Acid reflux is one of the most common forms of gastroesophageal reflux disease, or GERD, and will affect between 25-40 percent of Americans of all ages at some point. Approximately 20 percent of all American adults experience acid reflux on a weekly basis. While most of the time acid reflux is just an annoying, uncomfortable, temporary condition, long-term side effects can result in much more serious health conditions.
At the root cause of all forms of GERD is a dysfunction in the ring-like muscle that separates the esophagus from the stomach. When food passes through this ring, the muscle is supposed to contract, preventing any food or stomach acids from getting back up into the esophagus. However, when this ring isn’t working properly, some acids are able to leak back into the esophagus, and can cause an array of issues. Contrary to popular belief, acid reflux symptoms are not caused by too much stomach acid. In fact, there is a growing amount of evidence that too little stomach acid is actually one of the leading causes of stomach dysfunction, and as a result, acid reflux.
Symptoms of acid reflux vary widely. Most people with acid reflux experience heartburn, the uncomfortable burning sensation in the stomach, chest, and back of the throat. Heartburn might also present with a bitter, sometimes sour taste in the mouth. Others experience symptoms such as dry mouth, hoarseness, or bad breath. Regurgitation of food, vomiting, nausea, or difficulty swallowing shows more severe signs of advanced acid reflux. Bloody vomit or black stools indicates internal bleeding somewhere in the digestive track, and could indicate tearing in the esophageal lining as a result of acid reflux. These more severe signs of acid reflux need to be addressed with a medical professional, as they may lead to more complications.
Long-lasting acid reflux can result in scarring of the lining of the esophagus, and lead to things such as a chronic cough or sleep problems. More importantly, untreated acid reflux can develop into a syndrome called Barrett’s esophagus, which is when the cells of the esophagus actually transform to become more like the cells of the intestines. Once this tissue has changed, there is an increased likelihood to develop a form of cancer called esophageal adenocarcinoma. The American Cancer Society estimates that approximately 16,000 Americans lost their lives in 2017 from esophageal cancer.
Conventional treatments for acid reflux typically turn to three types of medication – antacids, H2 blockers, or proton pump inhibitors.
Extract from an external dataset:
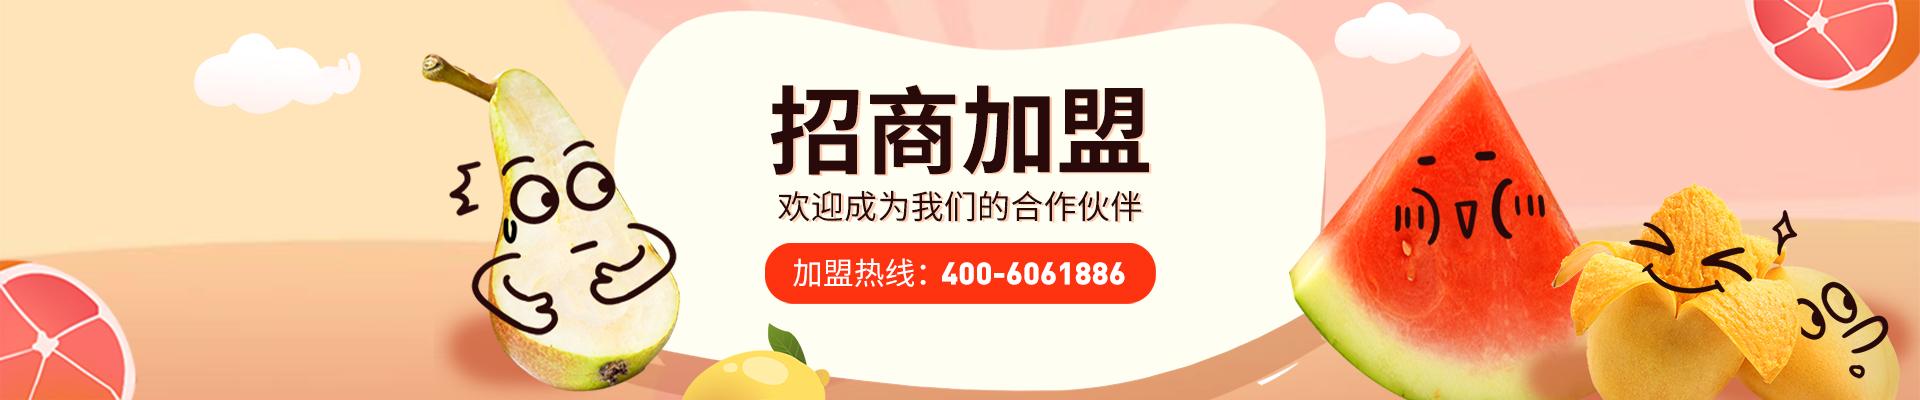 北京南粵大地商貿有限公司公司介紹

However, like many other health conditions, there are natural ways to approach acid reflux. Changing the diet to eliminate processed foods and GMOs is a great start. Next, incorporating foods that will help heal the digestive track is important. These include things like fiber-rich fruits and vegetables, organic meat, and probiotic rich foods such as yogurt, kimchi, or kefir. Also, digestive health can be improved by exercising, giving up smoking, avoiding overeating, and, of course, getting adjusted regularly.